Since the ad appeared, Romney, his surrogates, and so-called independent groups like the nouvelle swift-boaters have all rehashed the same dubious line in Romney’s defense: That any American president (or “any thinking American“) would have ordered the bin Laden raid. Just last night on Sean Hannity’s Fox News Channel show, Romney yet again issued this defense:
ROMNEY: But if the president wants to remind people of his decision, well, that’s entirely appropriate. But I think it was a big mistake for the president to try to make in this a political event by suggesting that I would not have done the same thing. I mean, frankly, Sean, almost any American in the position of presidency hearing that Osama bin Laden could have been taken out would have certainly pressed the button and said: get rid of the guy.
HANNITY: Oh, absolutely.
ROMNEY: And of course I would have.
Watch the video:
However, Romney and his allies’ repeated responses to the ad that “any thinking American” would have ordered the raid don’t account for the actual events surrounding Obama’s call.
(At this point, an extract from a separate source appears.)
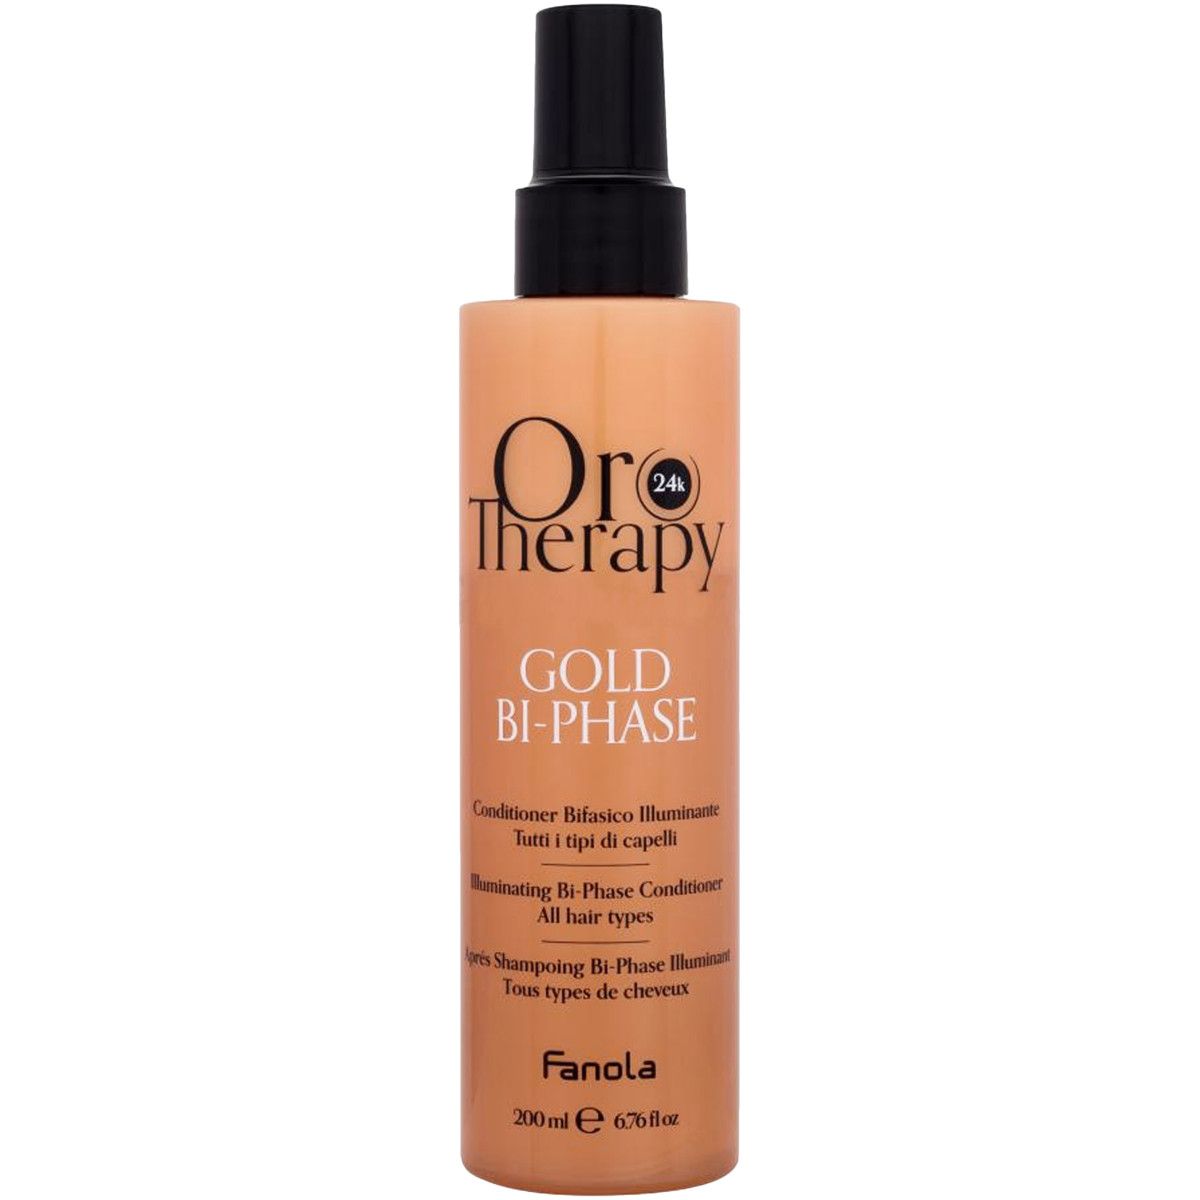 Fanola Oro Therapy Gold Bi-phase - odżywka dwufazowa do włosów matowych, 200ml
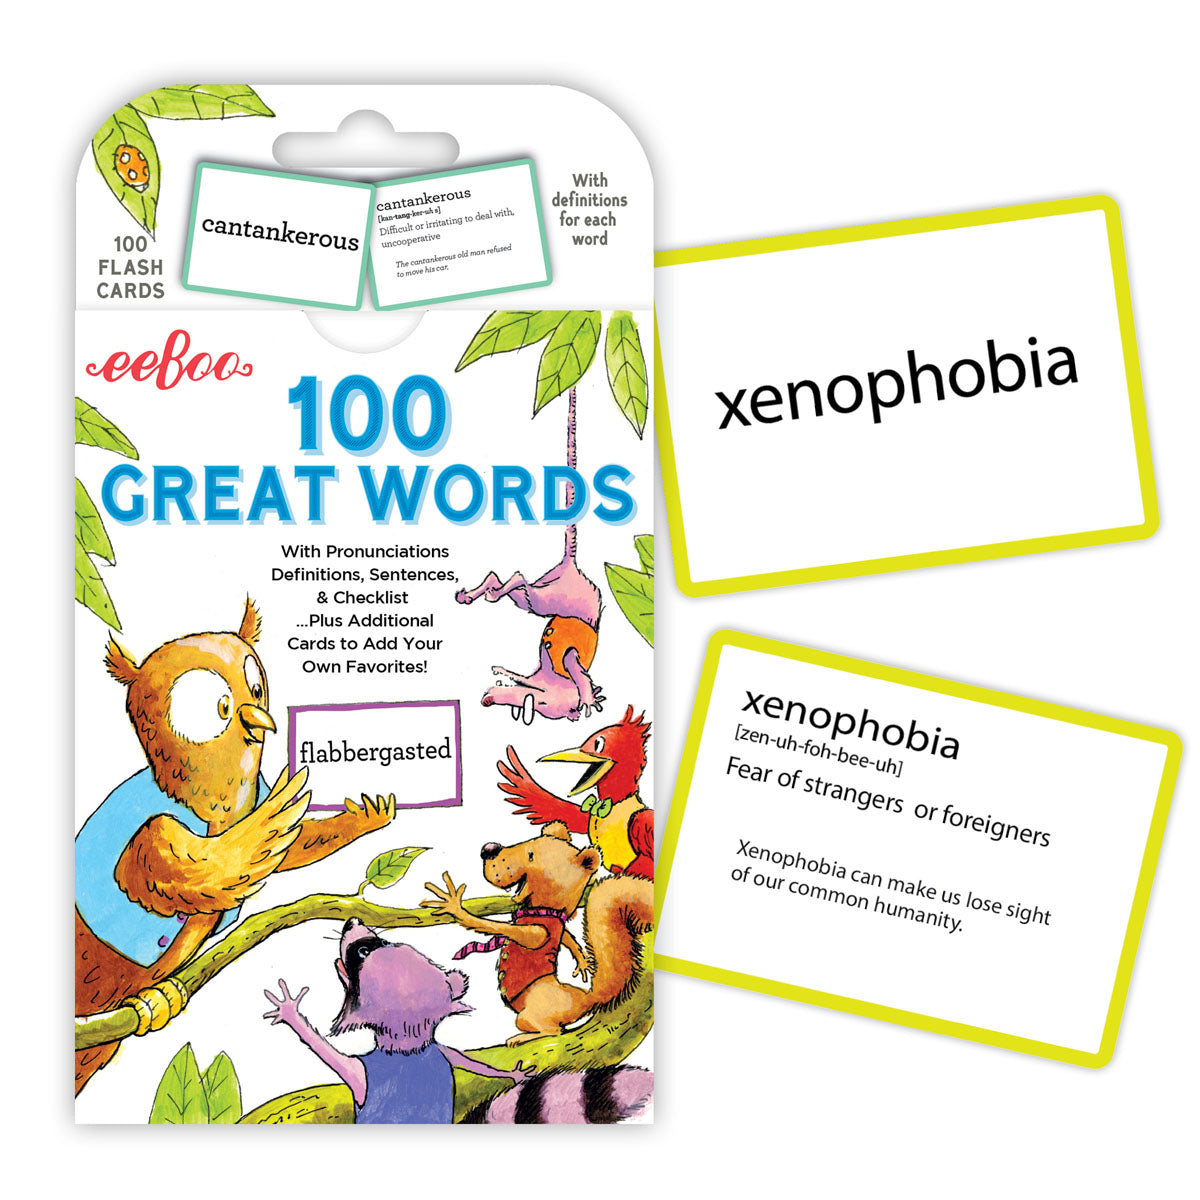 eeBoo Flash Cards - 100 Great Words

“There wasn’t any direct evidence that he was there. It was all circumstantial.” — Robert Gates
“The circumstantial case of Iraq having WMD (weapons of mass destruction) was actually stronger than the circumstantial case that bin Laden is living in the Abbottabad compound.” — CIA Deputy Director Michael Morell
“Ultimately, it was a 50/50 proposition as to whether this was actually bin Laden.” — President Obama
In an analogous choice in 2005, George W. Bush and then-Defense Secretary Donald Rumsfeld decided not to strike at senior Al Qaeda commanders in Pakistan because of the potential risk to relations with the notoriously sensitive country. When Obama said in his first presidential campaign that he would strike in Pakistan to get bin Laden, McCain criticized him as irresponsible. Romney echoed this concern when he said in August 2007, “I do not concur in the words of Barack Obama in a plan to enter an ally of ours.”